### SOURCE DATA
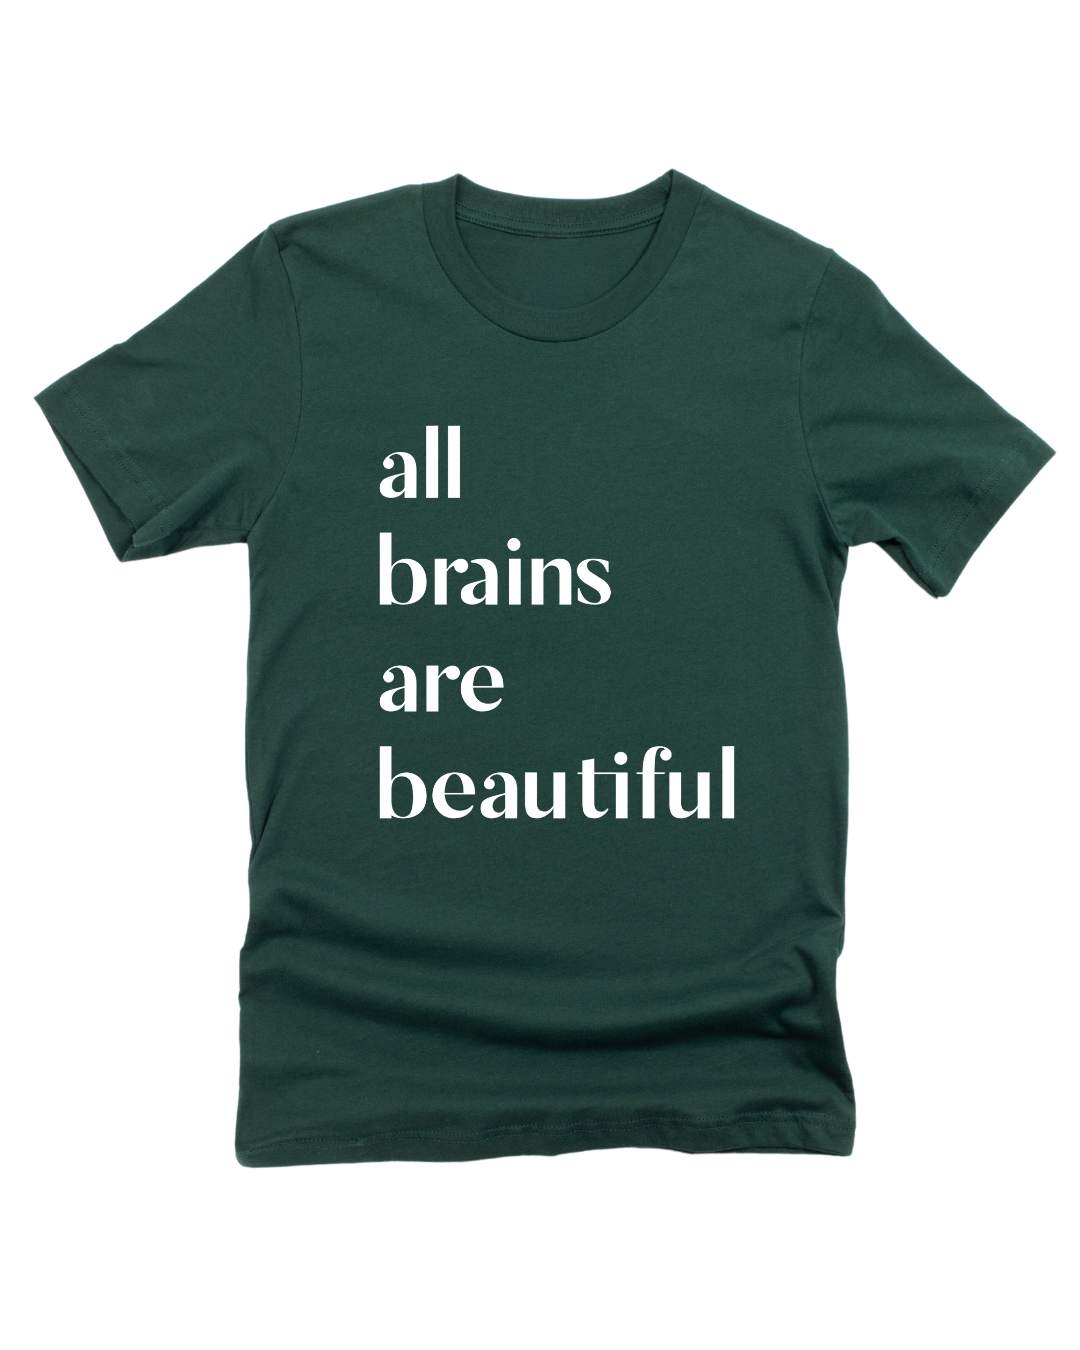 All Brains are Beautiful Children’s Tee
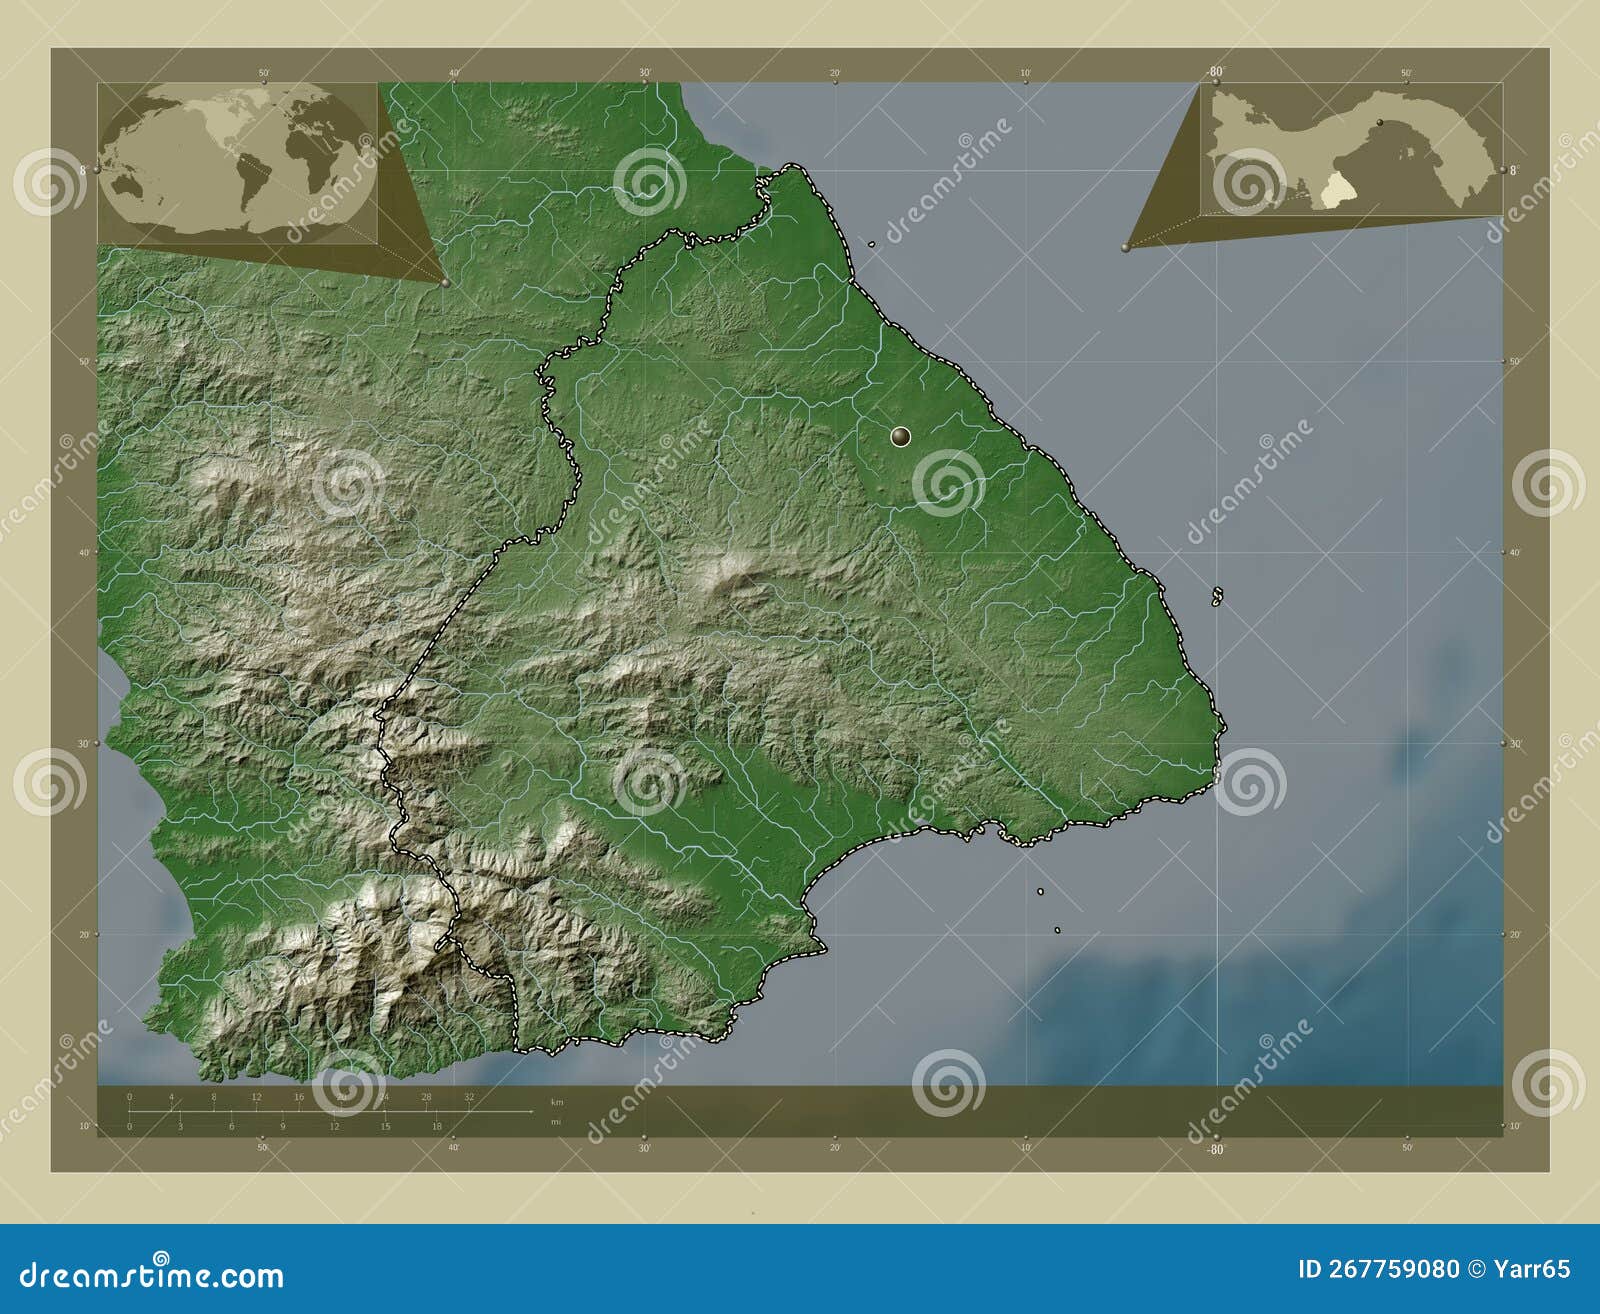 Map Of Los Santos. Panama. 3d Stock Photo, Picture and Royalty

--

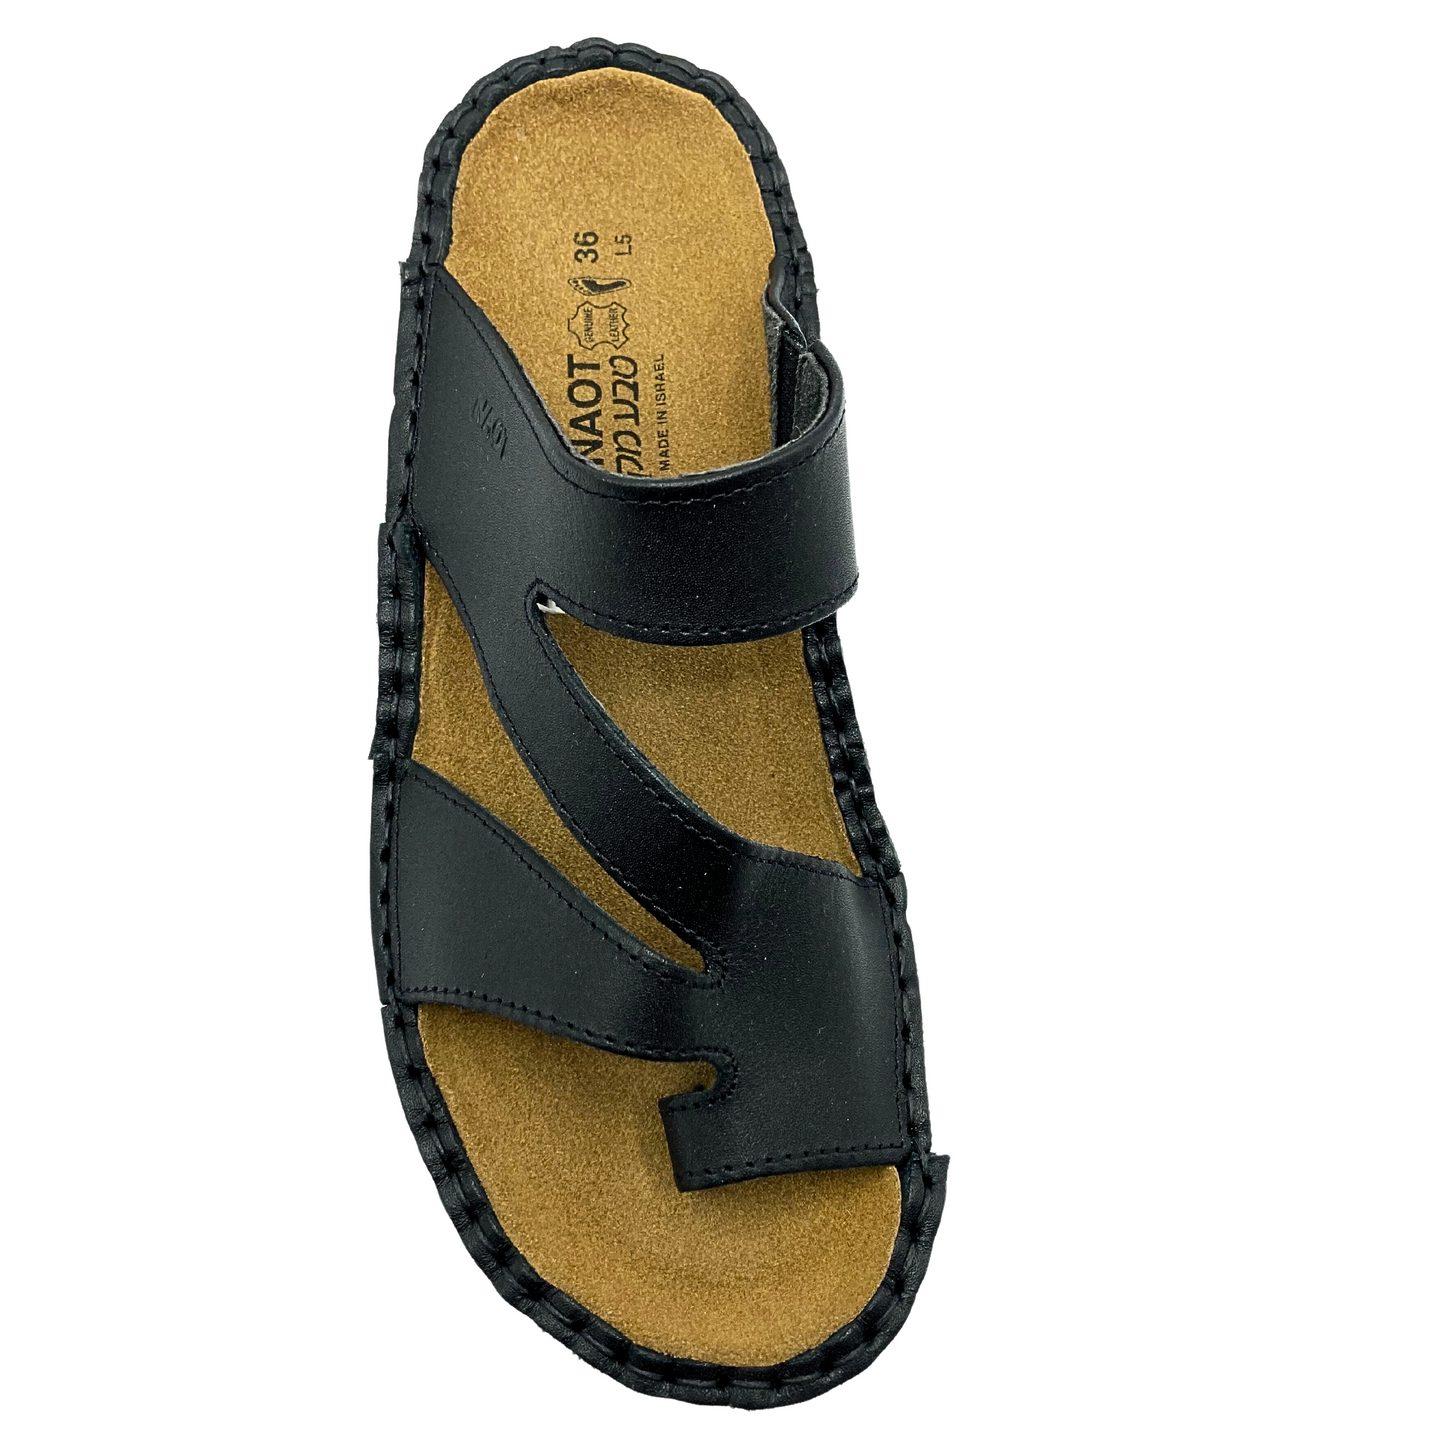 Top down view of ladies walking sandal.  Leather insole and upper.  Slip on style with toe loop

==

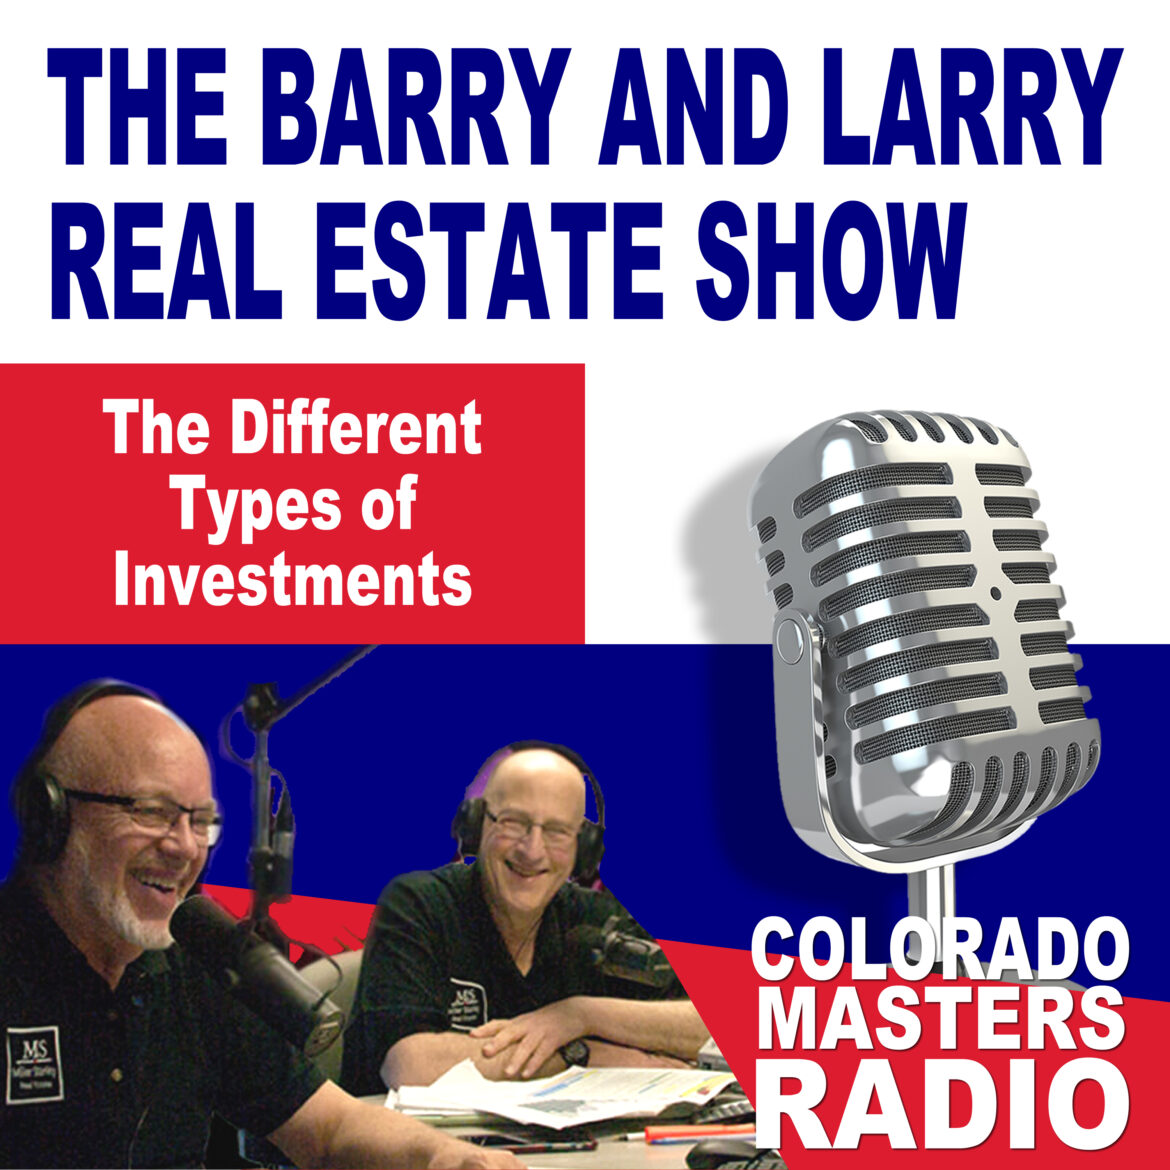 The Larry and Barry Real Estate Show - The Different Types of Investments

### WHAT YOU ARE ASKED TO DO
Once the line with "All Brains are Beautiful Children’s Tee" is found above, transcribe each line from it through the line with "Map Of Los Santos.", exactly, and omit the pictures.

### WRITTEN ANSWER
 All Brains are Beautiful Children’s Tee
 Map Of Los Santos. Panama. 3d Stock Photo, Picture and Royalty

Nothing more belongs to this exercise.